Wader: Nachdem ich in die DKP eingetreten war, bekam ich haufenweise zerbrochene Schallplatten von mir geschickt, mit der „freundlichen“ Empfehlung, sie mir in meinen „Kommunisten-Arsch zu schieben“. So haben manche Leute auf meinen Partei-Eintritt reagiert. Die wollten mich als Einzelkämpfer behalten. Ich sollte als Che Guevara der Liedermacher dastehen und alleine im Busch kämpfen.
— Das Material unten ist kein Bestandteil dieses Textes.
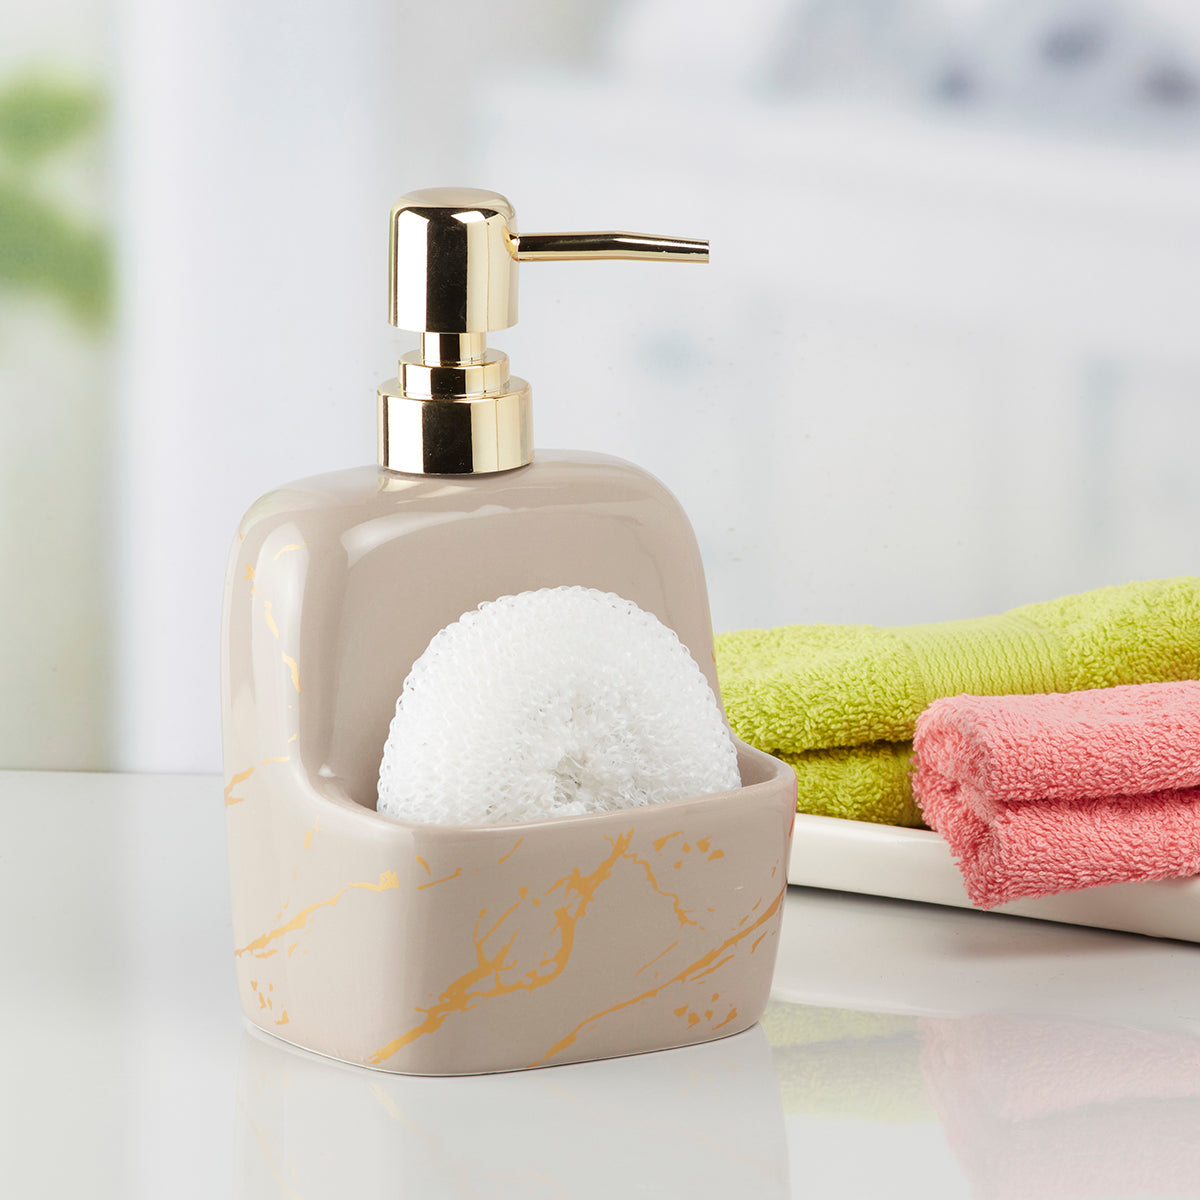 Ceramic Soap Dispenser handwash Pump for Bathroom, Set of 1, Black/Gold (10207)

Zwischenzeitlich hat sich sogar der Staatsschutz für Sie interessiert, weil sie unfreiwillig der RAF-Terroristin Gudrun Ensslin Unterschlupf gewährt haben.
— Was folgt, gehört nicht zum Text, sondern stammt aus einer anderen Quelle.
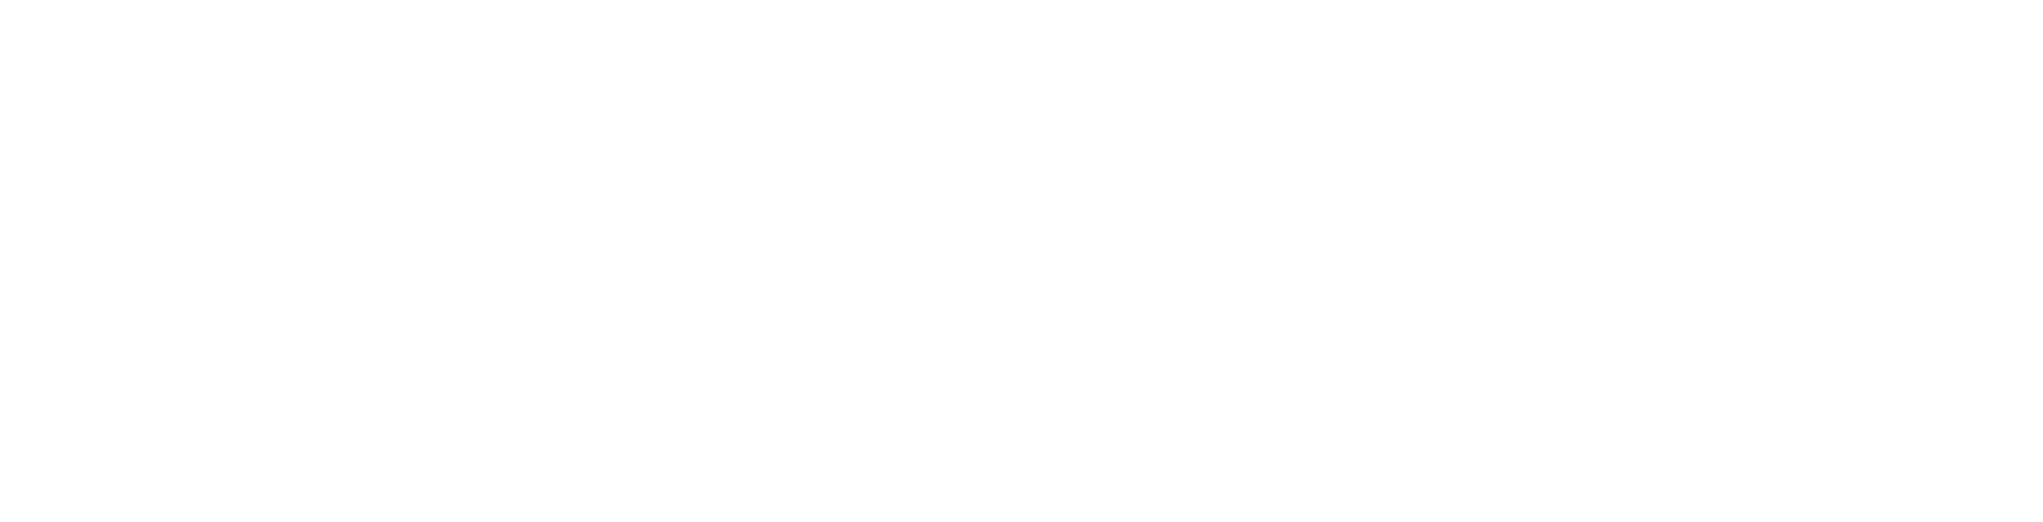 Chronicle Books Design Fellowship

Wader: Das hat gereicht, um mir ein Ermittlungsverfahren anzuhängen. Der größte Teil der 70er und 80er Jahre war eine turbulente Zeit für mich. Ich stand unter dauernder Observation. Wenn man sich Bilder aus der Zeit vor mir anguckt, sehe ich aus wie ein wandelndes Skelett, weil ich nur noch geraucht und gesoffen habe.

Man sollte anmerken, dass Frau Ensslin sich Ihnen nicht mit richtigem Namen vorgestellt hat.
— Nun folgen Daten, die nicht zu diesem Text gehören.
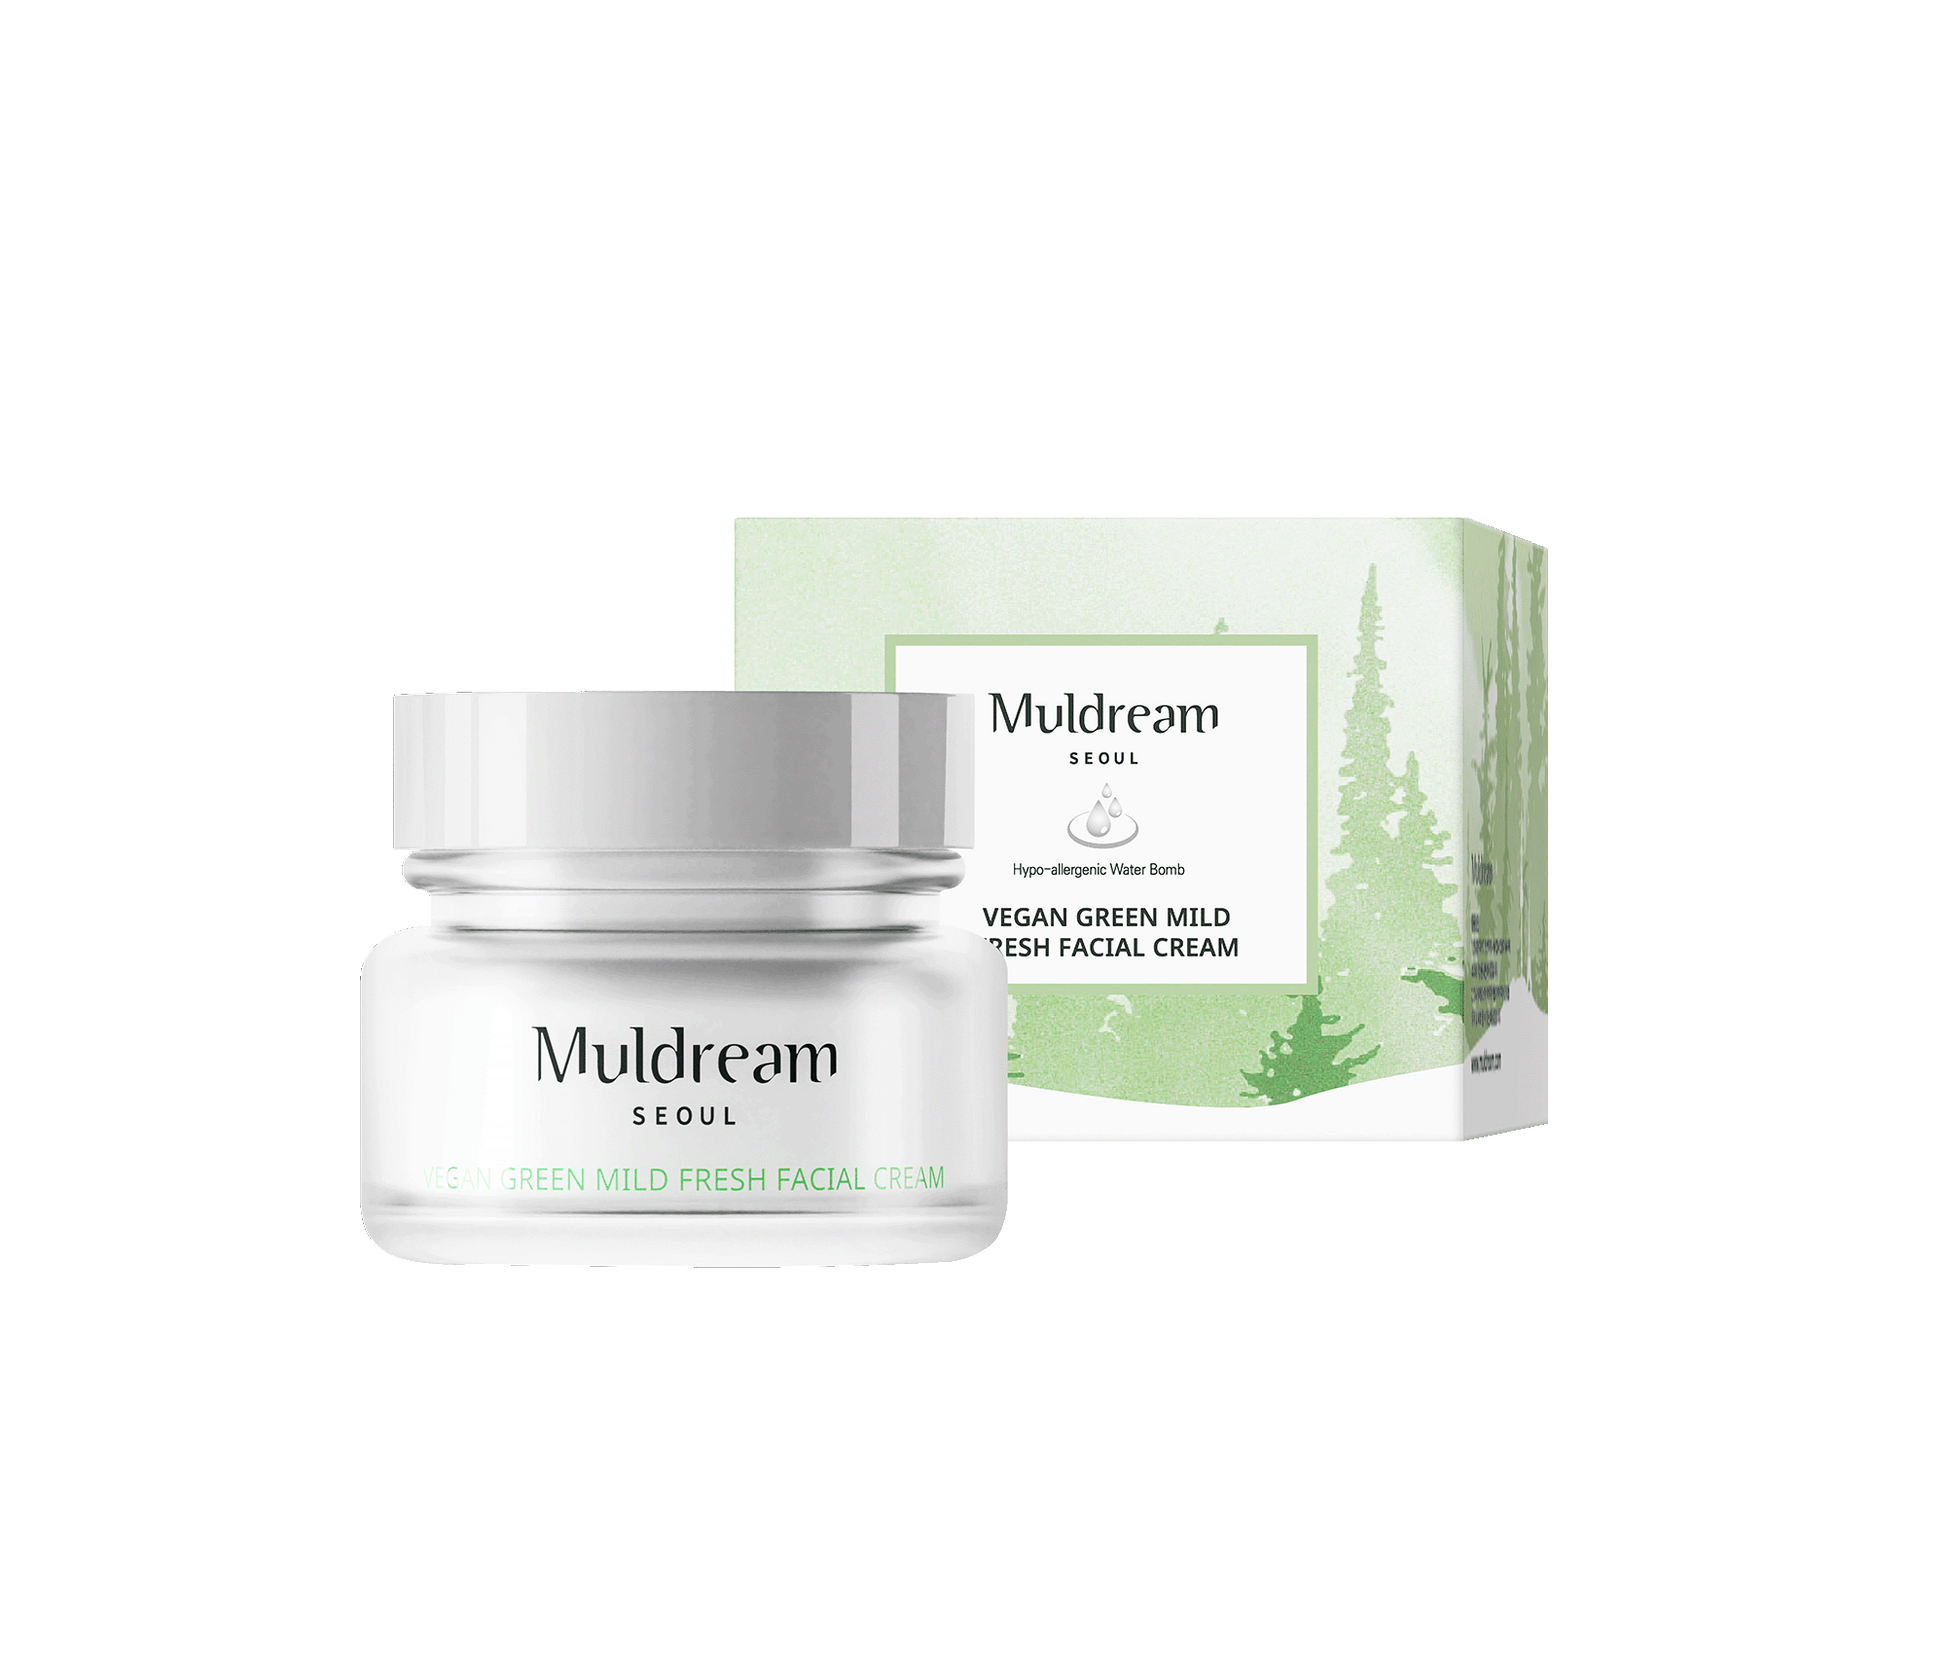 Muldream Vegan Green Mild Fresh Facial Cream

Wader: Die hat sich bei mir als Mitarbeiterin vom NDR unter dem Namen Hella Utesch vorgestellt. Dadurch ist alles überhaupt ins Rollen gekommen. Das fand damals gleichzeitig mit meinem Durchbruch statt. Meine dritte Platte „7 Lieder“ explodierte plötzlich und wurde ein wahnsinniger Renner. Auch das wusste ich. Deswegen habe ich mich, nachdem ich die Platte aufgenommen hatte und bevor sie erschienen ist,

auf eine mehrmonatige Tramp-Tour durch Europa begeben. Ich wollte mein altes Leben noch einmal auskosten, weil ich wusste, dass bei meiner Rückkehr nichts mehr so sein würde wie vorher. Dass dann auch auf eine andere Art und Weise vieles nicht mehr so war wie früher, habe ich natürlich nicht geahnt. Mein Durchbruch oder sagen wir ruhig mein Ruhm passierte zeitgleich mit der Verfolgung durch die Strafbehörden. Das hat mich total zerrissen.

Irgendwann wurde das Verfahren aber eingestellt...

Wader: Das erste Ermittlungsverfahren wurde nach fünf Jahren eingestellt. Dann kam aber gleich das nächste. Da hat nämlich jemand behauptet, er hätte gesehen, wie ich in Hamburg am Altonaer Bahnhof eine Kalaschnikow aus meinem Gitarrenkoffer gezogen und Ulrike Meinhof gezeigt habe. Als Muster für eine Bestellung für 24 Kalaschnikows, die sie angeblich bei mir aufgeben wollte. Das hat sich der Mann alles zusammengesponnen. Aber trotzdem war er Kronzeuge der Polizei. Das reichte, um mich weitere fünf Jahre zu verfolgen und unter ständiger Beobachtung zu halten. Normal leben konnte man da eigentlich nicht. Durch diese Baader-Meinhof-Geschichte war ich zehn Jahre lang blockiert.


Aktuelle Doppel-CD: Hannes Wader, „Trotz alledem – Lieder aus 50 Jahren“ (Universal).